The Citadel: A Fantasy Oracle Deck by Fen Inkwright
Description
Today, I’m talking about The Citadel: A Fantasy Oracle by Fenn Inkwright — an oracle-meets-storytelling deck built around a walled city, its people, and the roles they play. It’s part divination tool, part worldbuilding engine, and part love letter to fantasy and tabletop role-playing games.
My Story with This Deck
I found this deck while I was traveling, and I wasn’t even looking for an oracle deck at the time. I had gone into a bookstore hoping to find something botanical or nature-based, and instead, this deck practically insisted on being seen. The imagery stopped me in my tracks.
At first glance, it felt theatrical. Dramatic. Heavy with story. And once I learned that the entire deck was structured around a walled city—the Citadel—made up of different social roles and districts, I was fully hooked.
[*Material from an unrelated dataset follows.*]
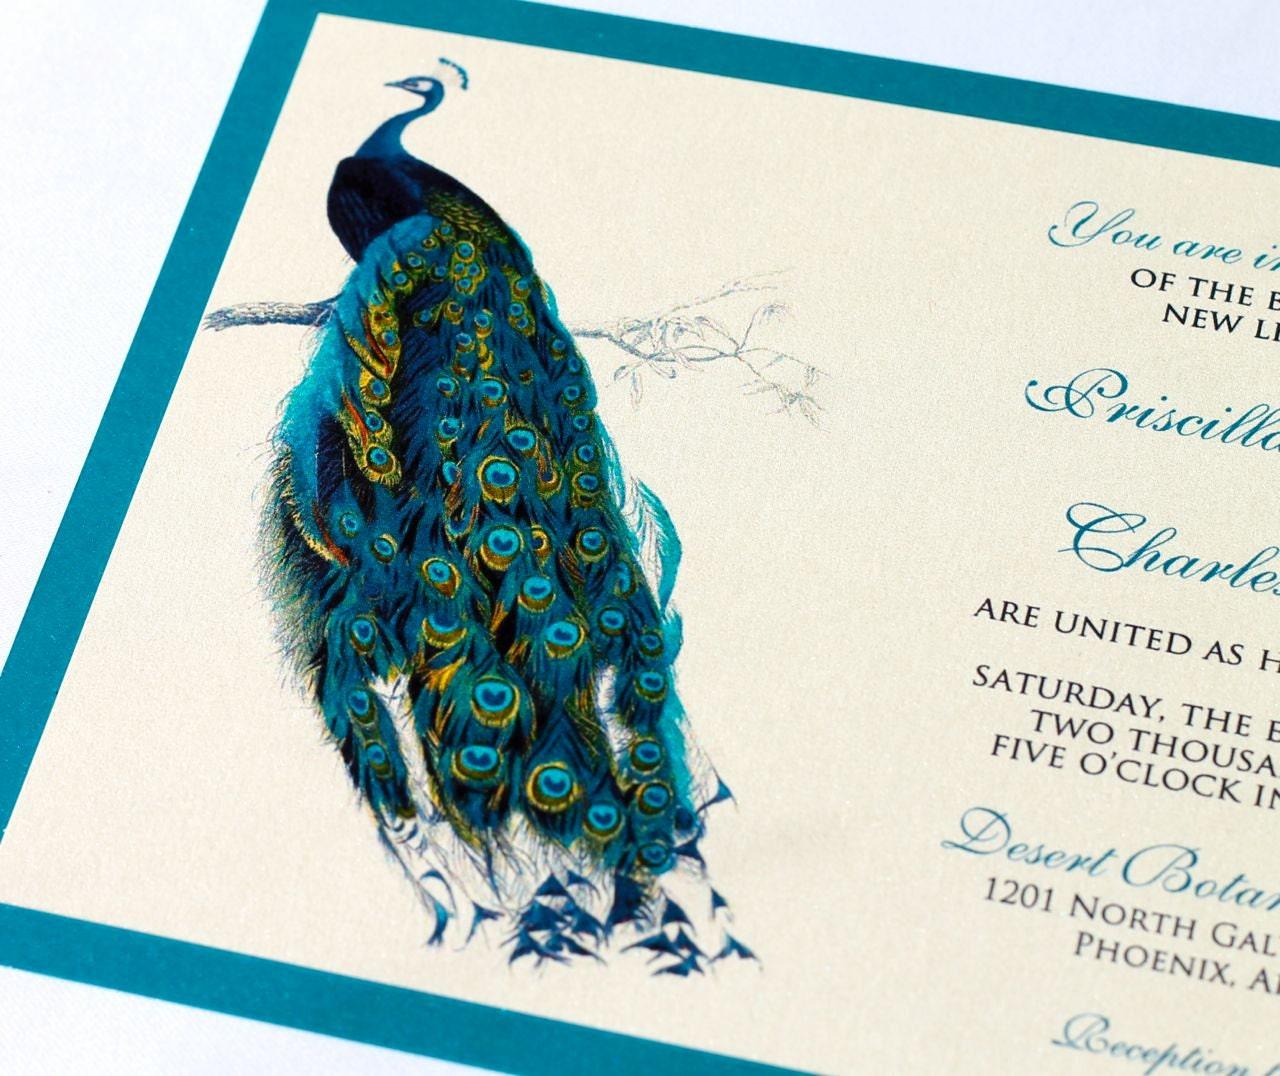 Peacock Wedding Invitations: Priscilla Peacock Wedding Invitation Sample Ivory Ecru

What surprised me most was that this deck didn’t feel soothing. It felt activating. Challenging even! Like it wanted to show me who I was becoming, beyond what I was feeling at the moment.
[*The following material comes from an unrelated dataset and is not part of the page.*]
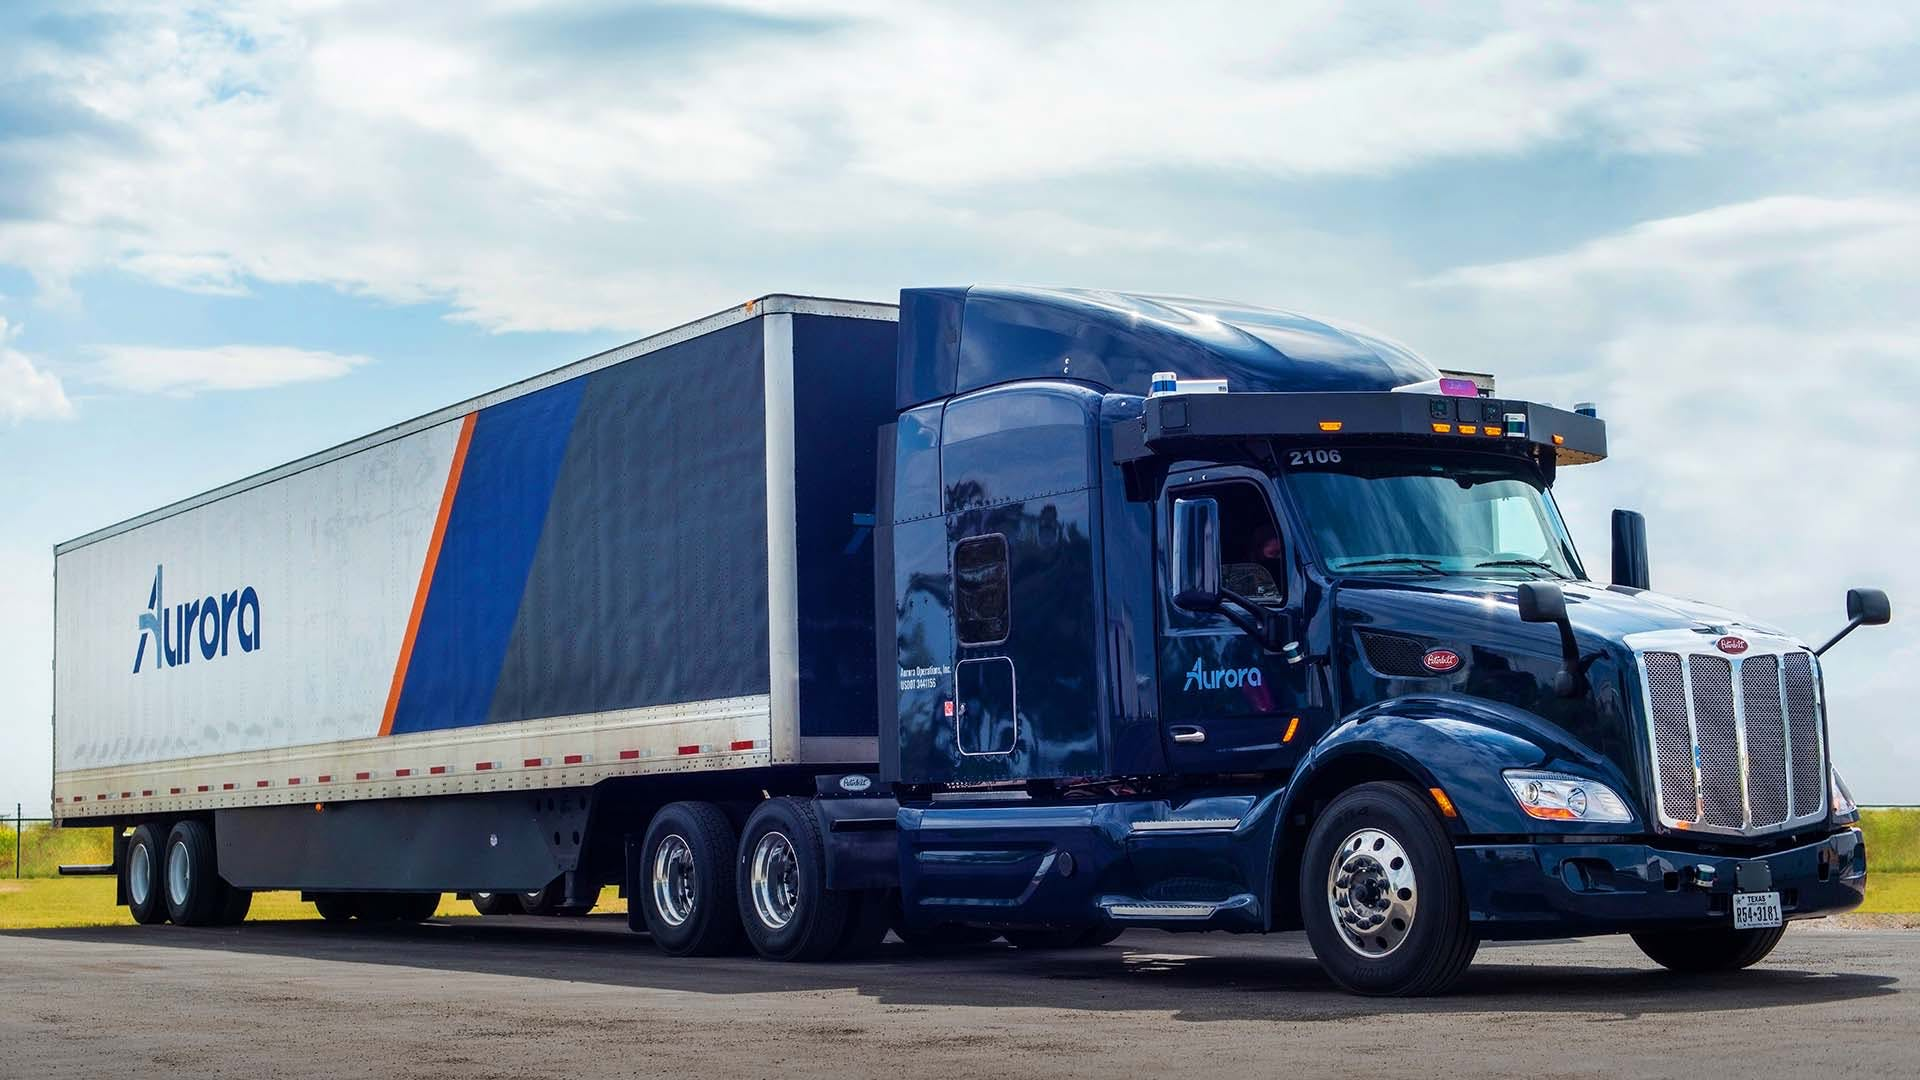 Aurora Self-Driving Truck

The Citadel is an oracle deck with a strong narrative flavor. The deck blends the energy of role-playing games, fantasy fiction, and divination.
Style:
Each card represents a role or archetype within the city. Instead of traditional tarot minors and majors, you’re stepping into a living setting: a fantasy citadel with its own politics, social structures, and tensions.
The cards themselves are visually striking: black backgrounds, rich red linework, and metallic foil details (more copper-gold than bright yellow). The corners of each card are cut off, which sounds small but makes the deck feel distinct in the hand and surprisingly satisfying to shuffle.
Structure:
This is an oracle deck, not a tarot deck—but it still has a clear internal structure. The city of The Citadel is built in four concentric districts, each represented by a suit:
The Court is the heart of power, leadership, completion, and responsibility.
The Academy holds learning, innovation, and inner development.
The Crowd represents labor, community, family, and survival.
The Troop moves around—artists, travelers, performers, and those who live between identities.
Imagery:
The imagery focuses more on symbolic scenes and hands than on detailed faces. This creates a feeling that you’re looking at illuminated panels from a fantasy codex or in-game artifact rather than a traditional oracle. The vibe is theatrical, slightly dramatic, and very immersive.
What I use it for:
I want a story-driven reading
I’m exploring identity, roles, power, or community
Someone I’m reading for is into D&D, RPGs, gaming, or fantasy
I want to pull a single archetype to flavor a tarot spread
I’m doing creative or narrative work
Because it includes upright and reversed meanings, I also like using it as a standalone oracle for deeper reflection.
What I don’t use it for:
This is not a soothing deck—it’s a catalytic one, working with roles, friction, becoming, and consequence. I don’t usually reach for this deck when:
someone wants a classic tarot reading
the question is very practical or yes/no
a person feels overwhelmed by symbolic complexity
they want soft, emotional, or gentle imagery
💭 Today's Tarot Pull:
From The Citadel: A Fantasy Oracle by Fen Inkwright, I pulled The Miser (Reversed)
The Ten of Wands reminds us that even magic can become heavy if we overcommit. Color Magic doesn’t need to be elaborate or exhausting. Let it be a gentle, sensory ritual that supports rather than overwhelms.
Reflective prompts on this card:
Where am I holding too tightly out of fear?
What would shift if I softened my grip?
Where does control feel like protection where does it feel like a burden?